Alors que la coalition présidentielle a échoué à obtenir une majorité absolue dans l'hémicycle, la Nupes et le RN se positionnent comme les premières forces d'opposition. Mais LR pourrait bien être le juge de paix de la nouvelle chambre basse.
D’après les dernières estimations pour le second tour des législatives du 19 juin, la coalition présidentielle Ensemble! remporterait 247 sièges à l’Assemblée nationale, soit bien moins que les 289 nécessaires à l’obtention d’une majorité absolue. Un camouflet pour le président de la République, Emmanuel Macron, qui avait dans la semaine appelé de ses vœux à lui «donner une majorité solide» au palais Bourbon. Lors de la mandature précédente, le parti présidentiel, LREM, avait obtenu 308 députés, s’assurant à lui seul la majorité absolue (350 en comptant les alliances).

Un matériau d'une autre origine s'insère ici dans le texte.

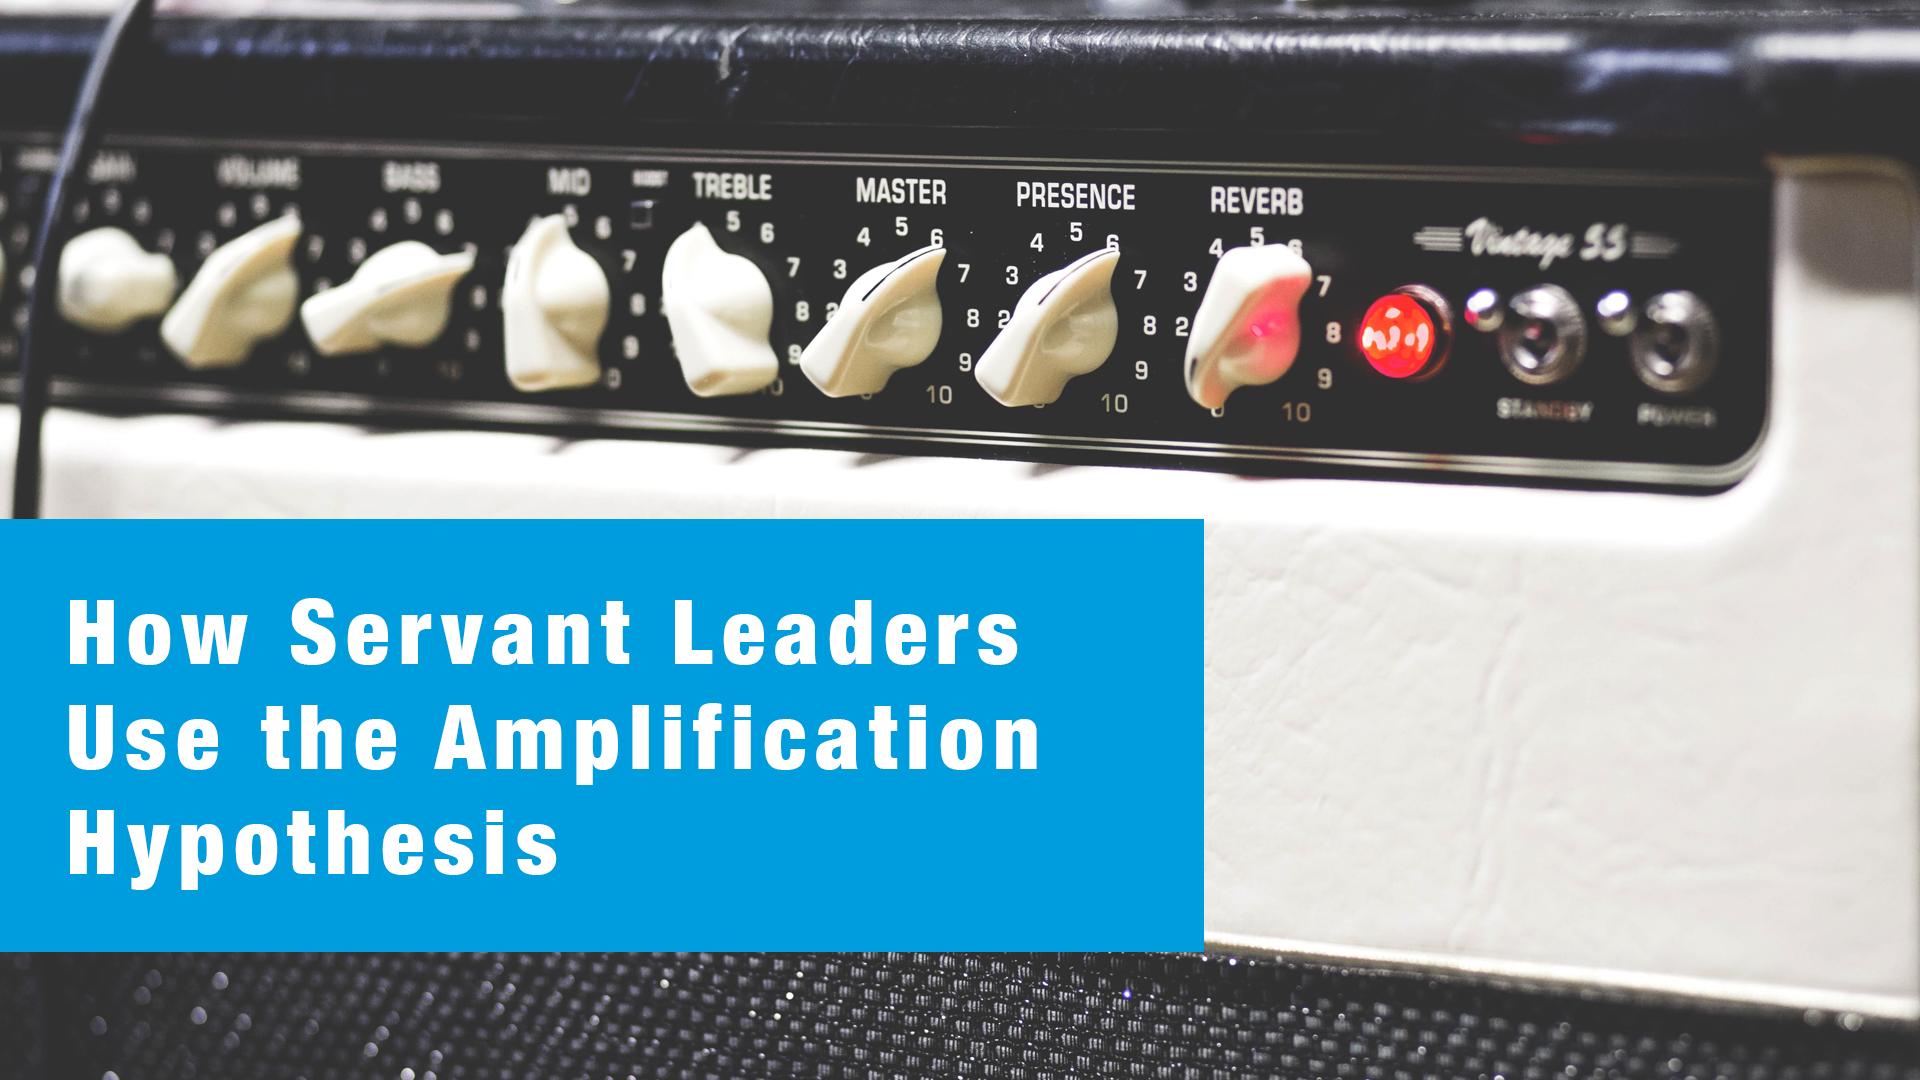 Amplification Hypothesis 1920x1080 .jpg

Législatives : Pas de majorité absolue pour Macron, la Nupes deuxième, percée du RN (EN CONTINU)
Signe de ce désaveu démocratique, trois membres du gouvernement récemment nommés par Elisabeth Borne ont échoué à se faire élire et devront, si la promesse d’Emmanuel Macron est respectée, quitter le gouvernement : Amélie de Montchalin, ministre de la Transition écologique, Brigitte Bourguignon, ministre de la Santé et Justine Benin, secrétaire d’Etat à la mer. Tous les autres membres du gouvernement ont eux obtenu un siège dans l’hémicycle, et donc le droit de rester au gouvernement. Le chef de file des députés LREM, et ancien ministre de l’Intérieur, Christophe Castaner, a lui été battu dans sa circonscription des Alpes-de-Haute-Provence par le candidat de l’alliance de gauche, la Nupes, tout comme le président de l’Assemblée nationale, Richard Ferrand, dans le Finistère.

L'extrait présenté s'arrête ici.